▶ The problem
The lines to retype run from the one containing "Chinese Tea Ceremony" through the end of the listing below. Reproduce them exactly, leaving out pictures.

▶ Information provided
=======
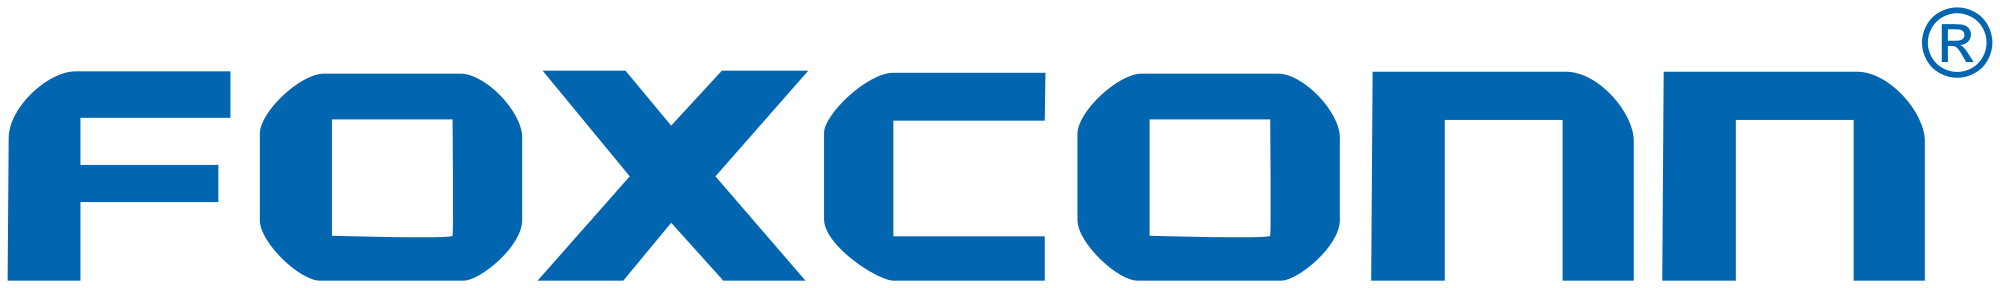 Foxconn Brand Logo
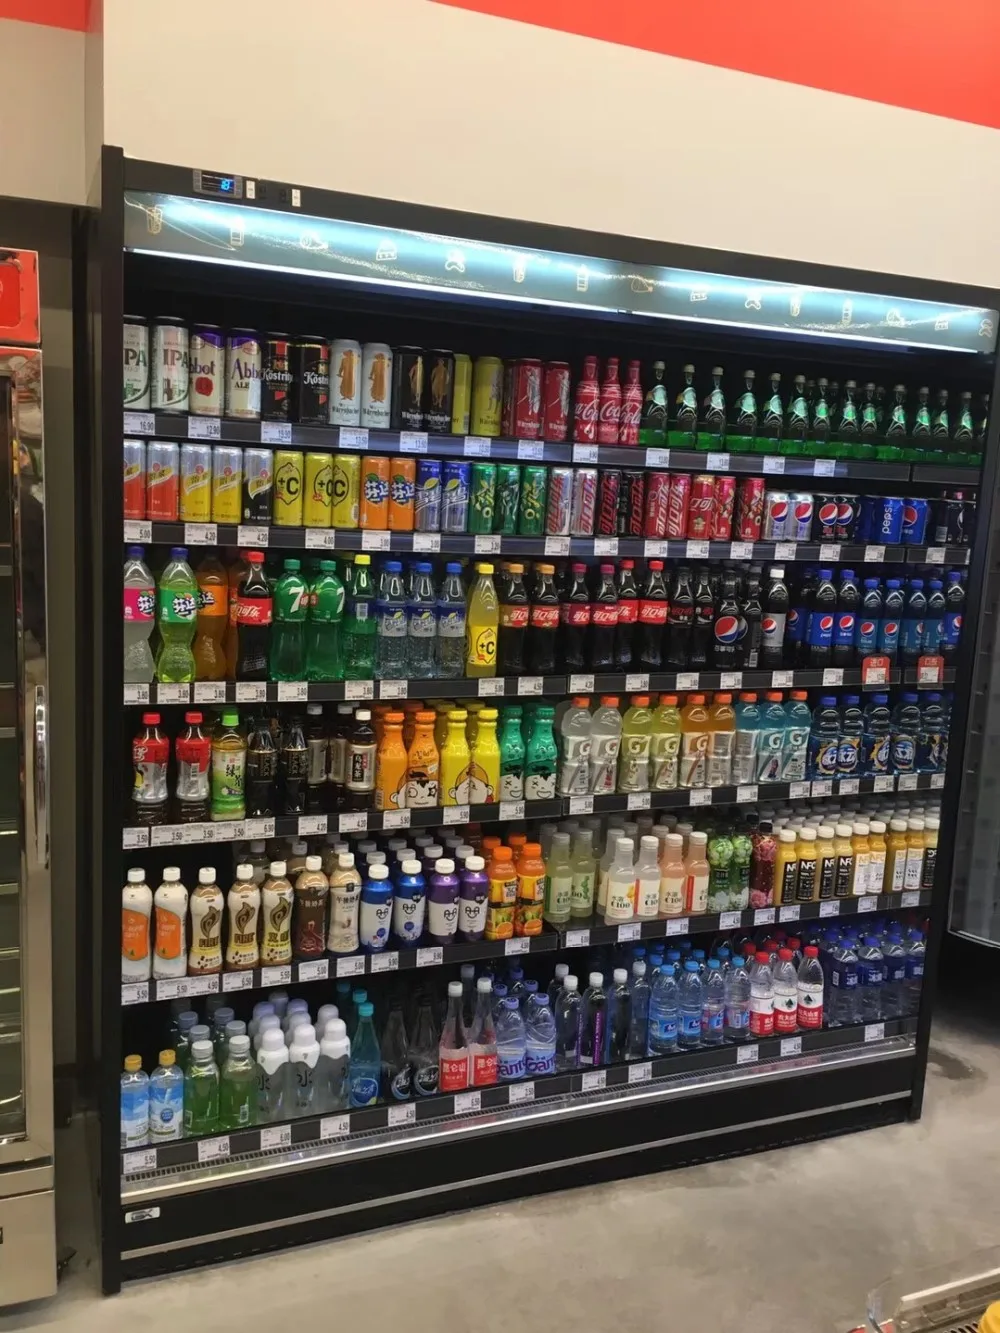 multideck display fridge for sale
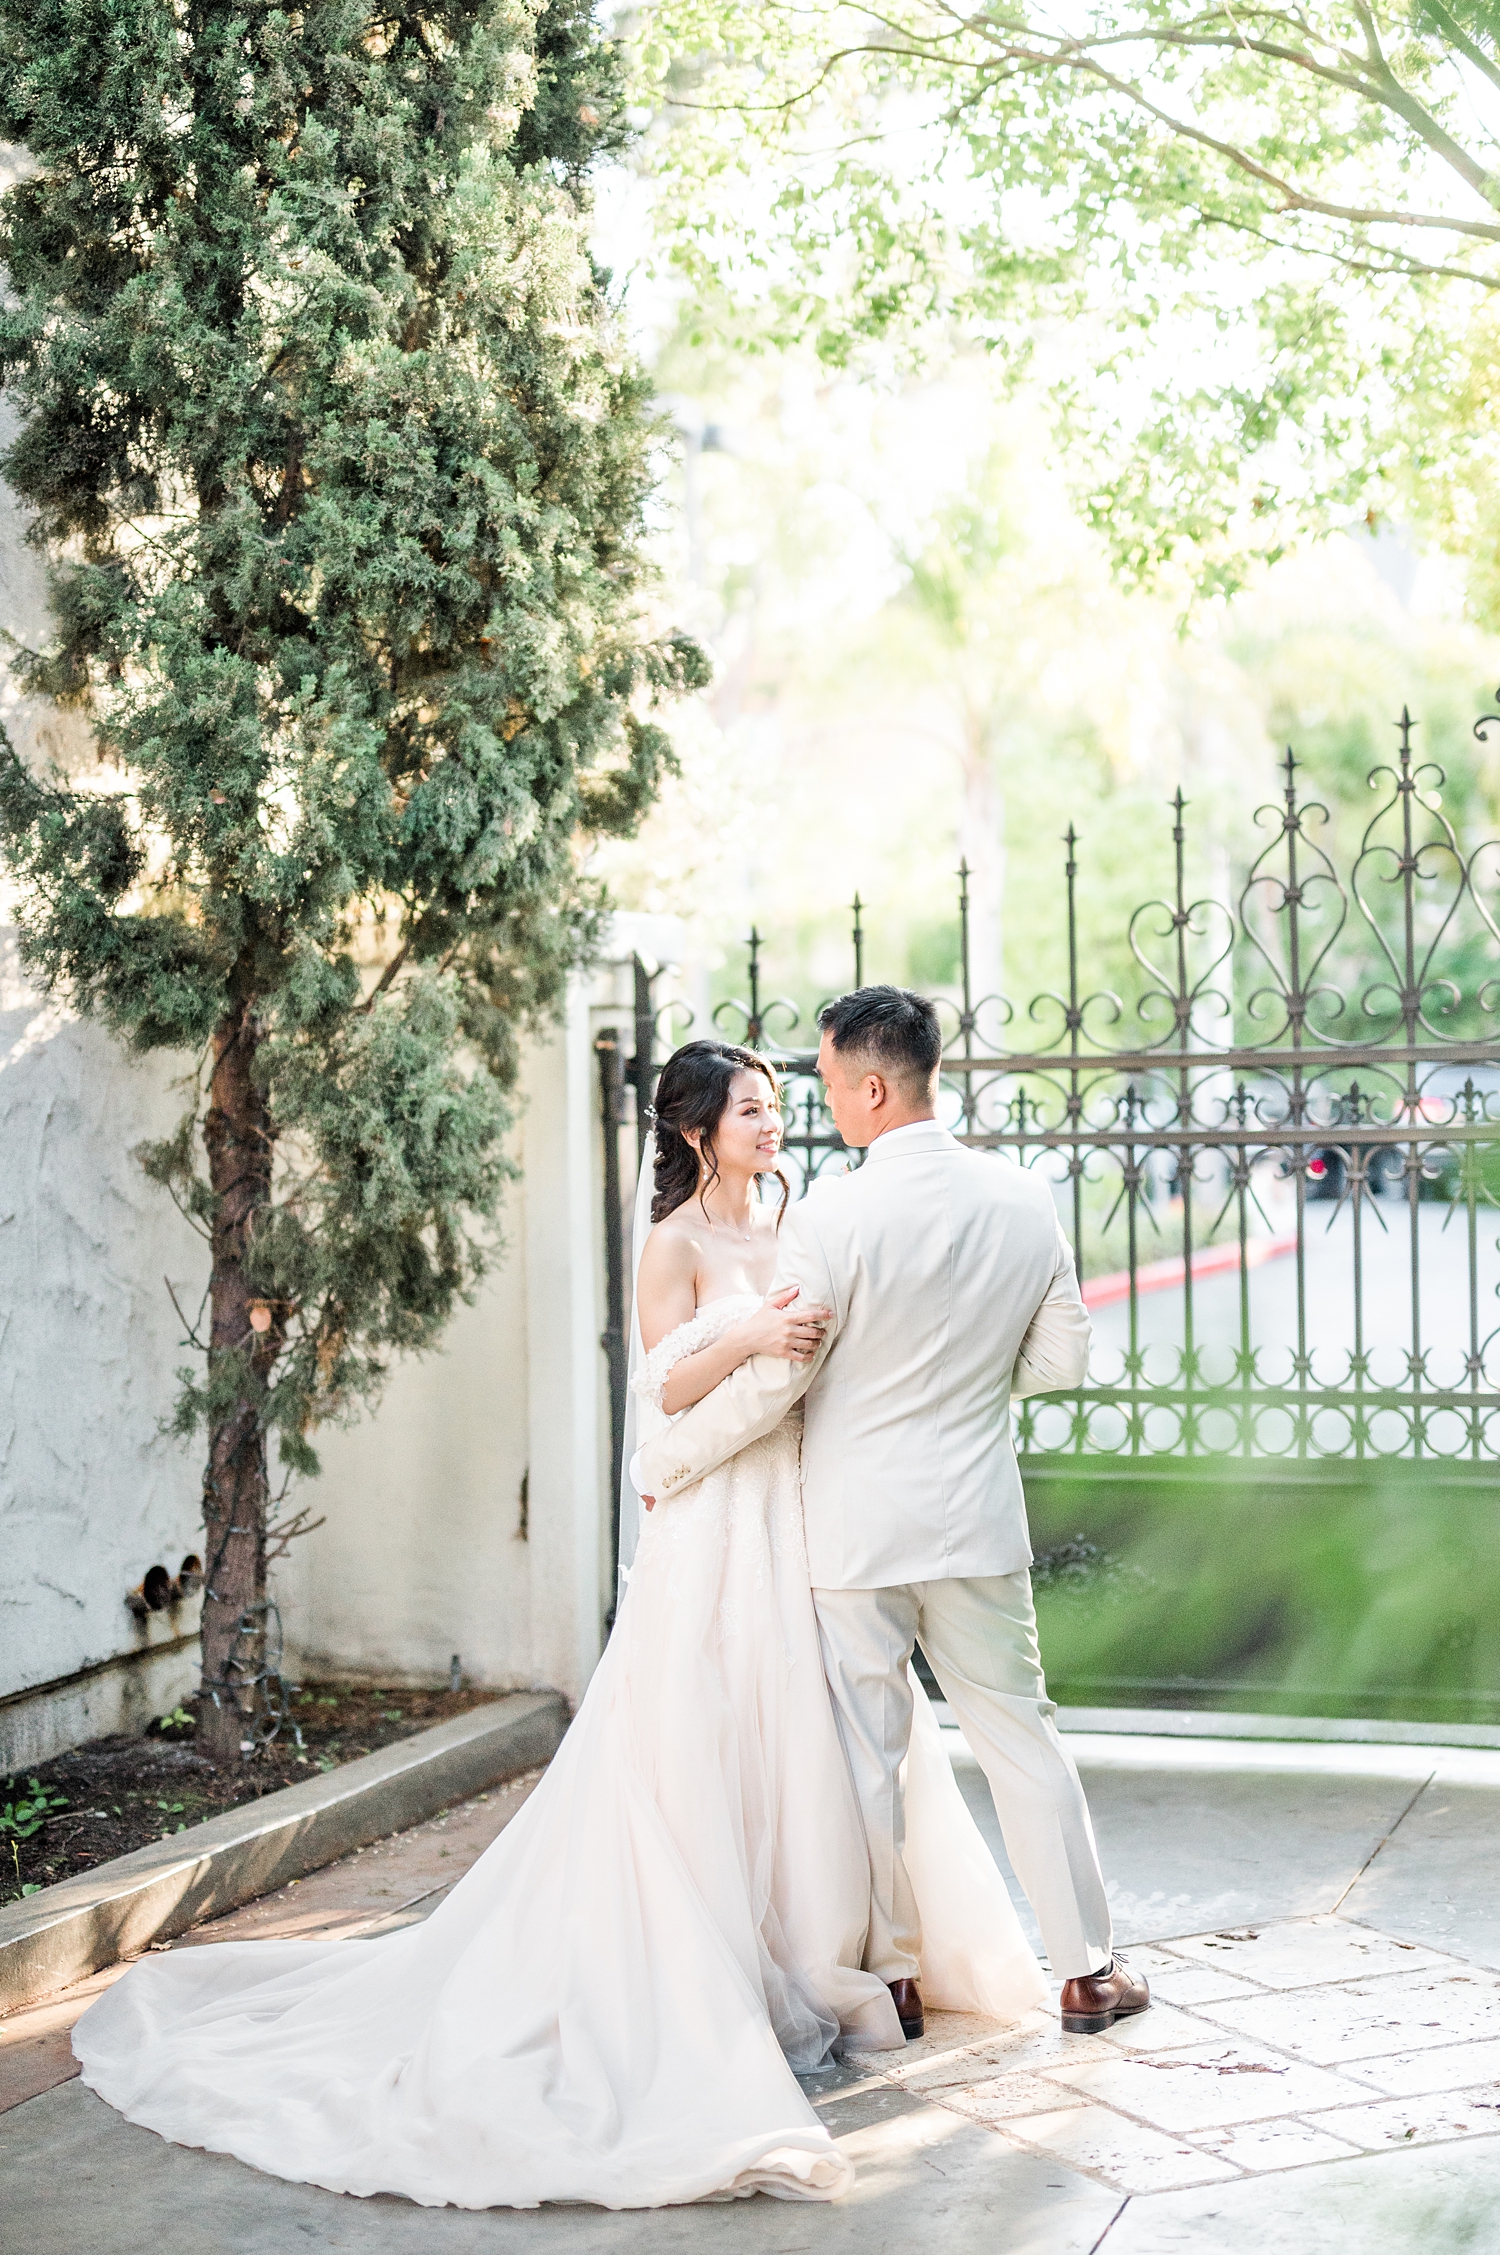 Chinese Tea Ceremony | Romantic Garden Wedding | OC Wedding Photographer | The Villa Westminster-103| Nataly Hernandez Photography | Diana + Byron.jpg
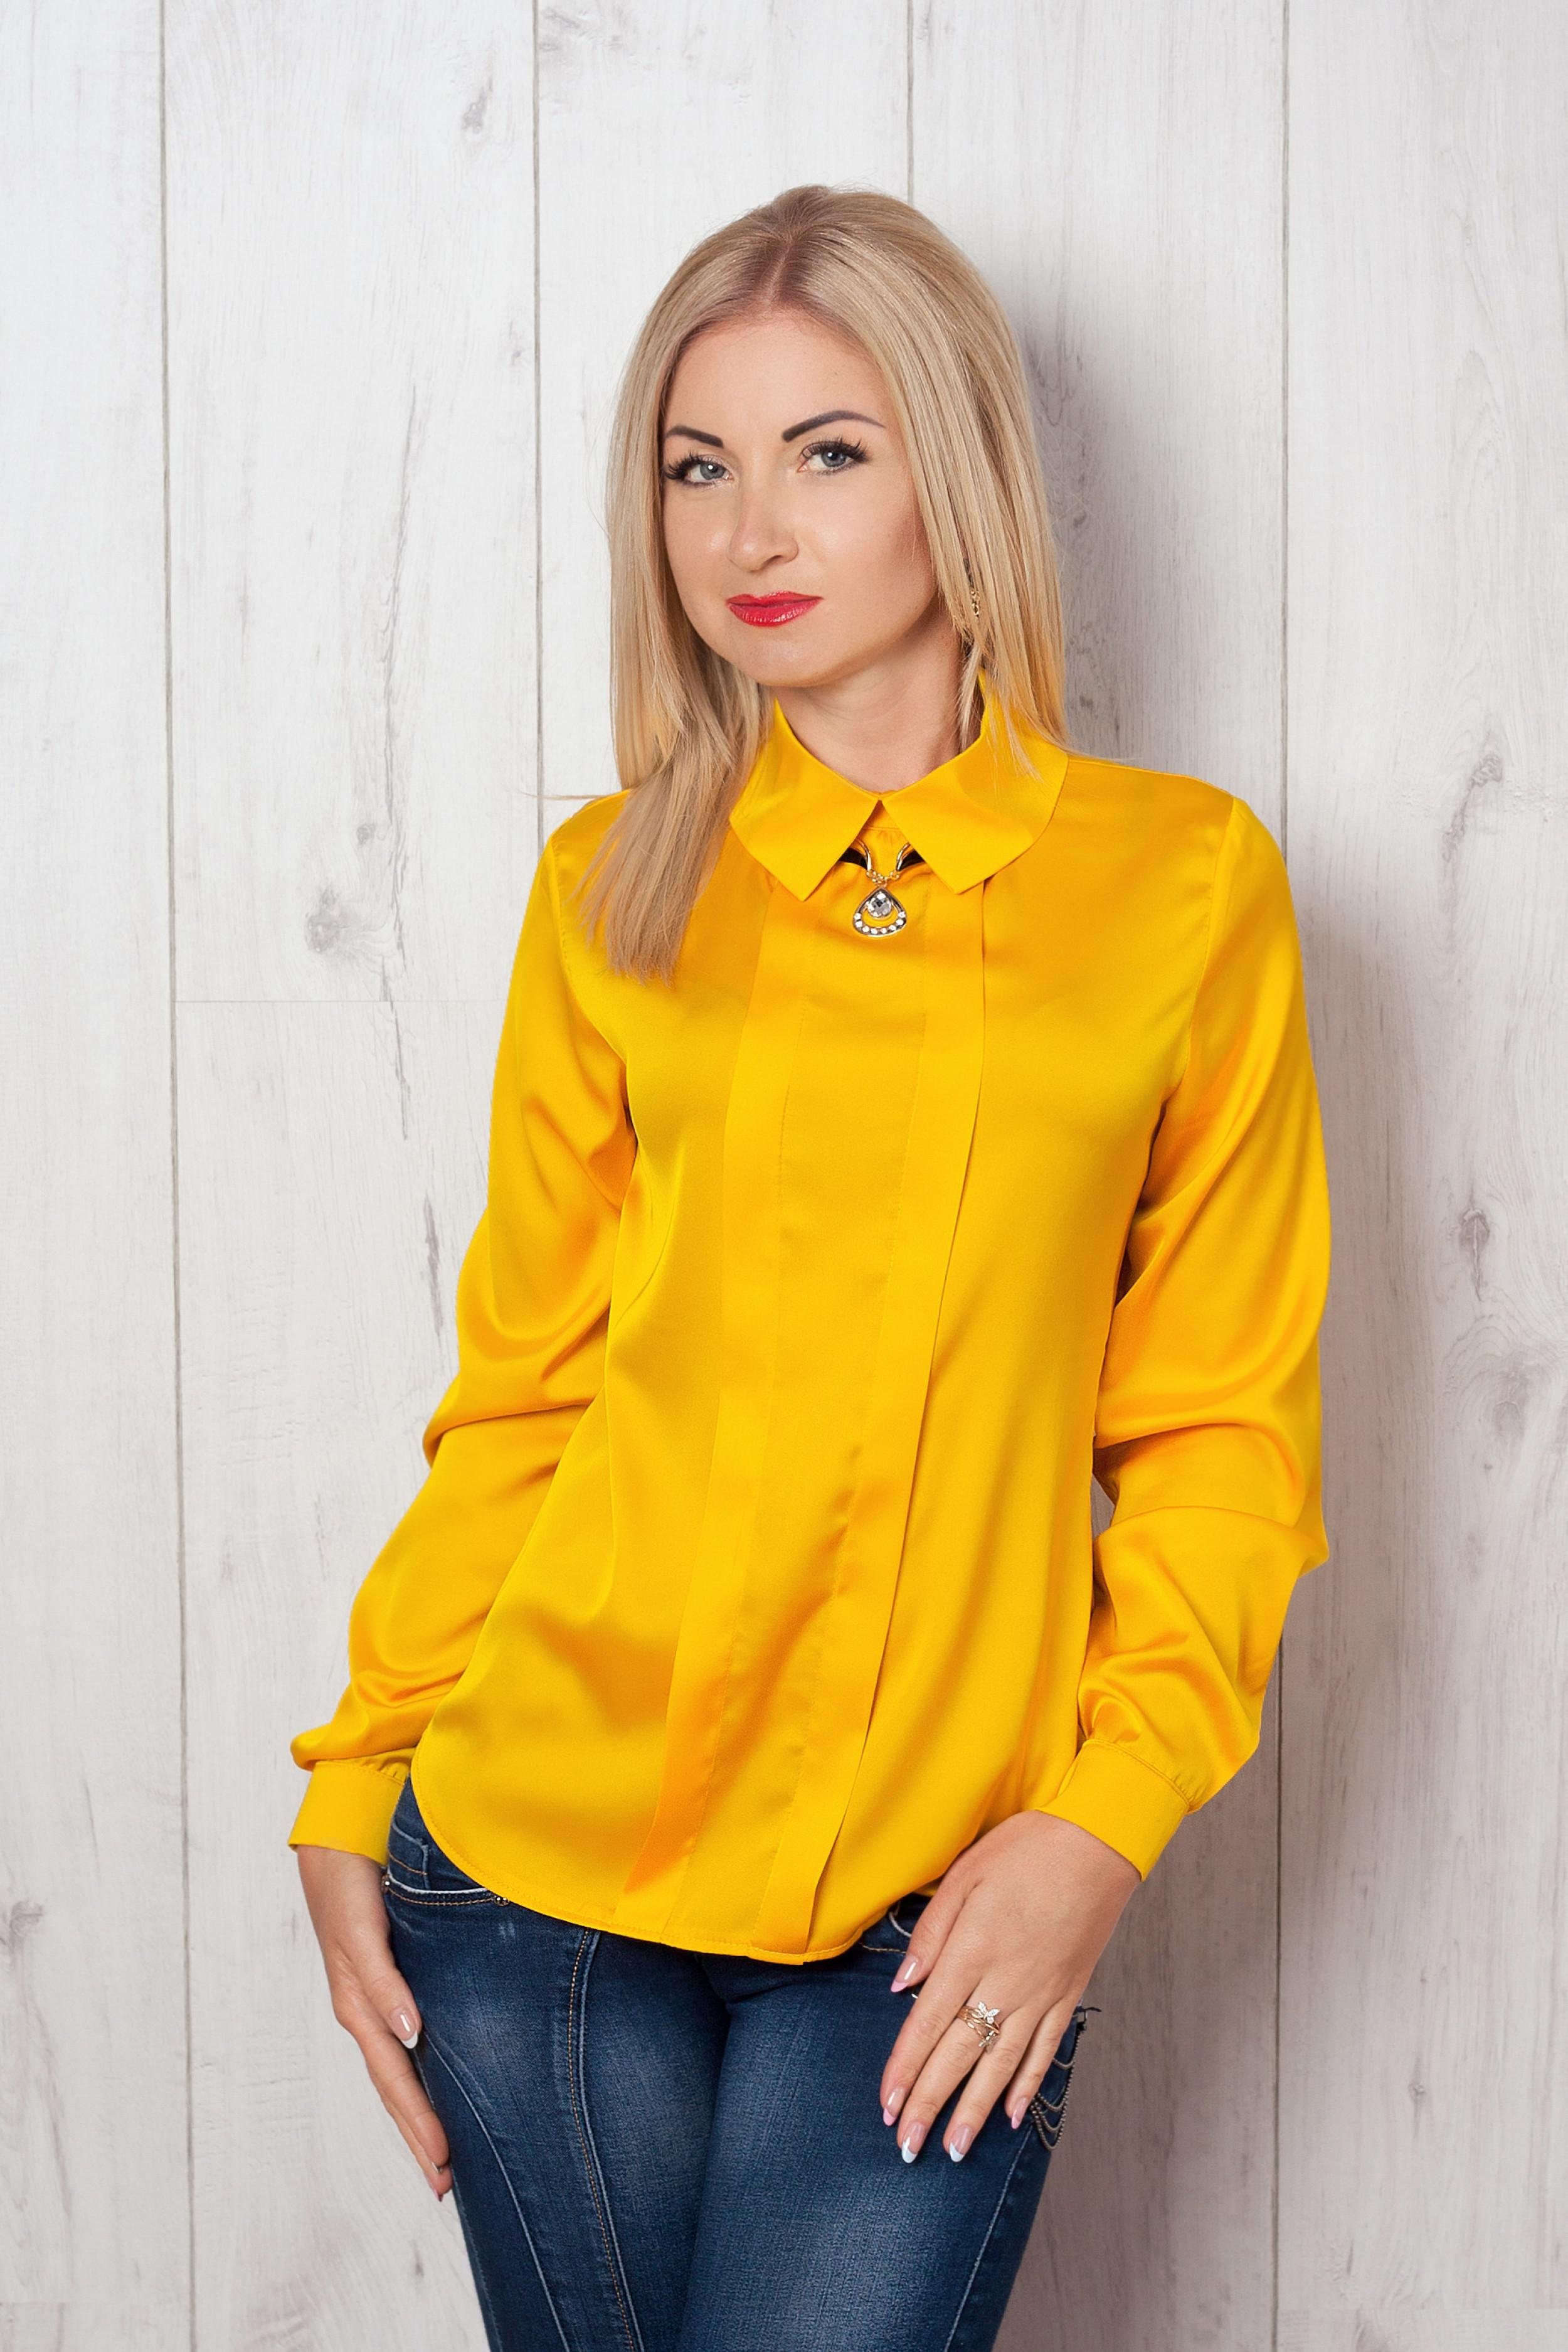 Горчичная рубашка. Желтая блузка. Блузка женская желтая. Желтая рубашка женская. Желтая шелковая блузка.
=======
▶ Solution to this exercise
 Chinese Tea Ceremony | Romantic Garden Wedding | OC Wedding Photographer | The Villa Westminster-103| Nataly Hernandez Photography | Diana + Byron.jpg
 Горчичная рубашка. Желтая блузка. Блузка женская желтая. Желтая рубашка женская. Желтая шелковая блузка.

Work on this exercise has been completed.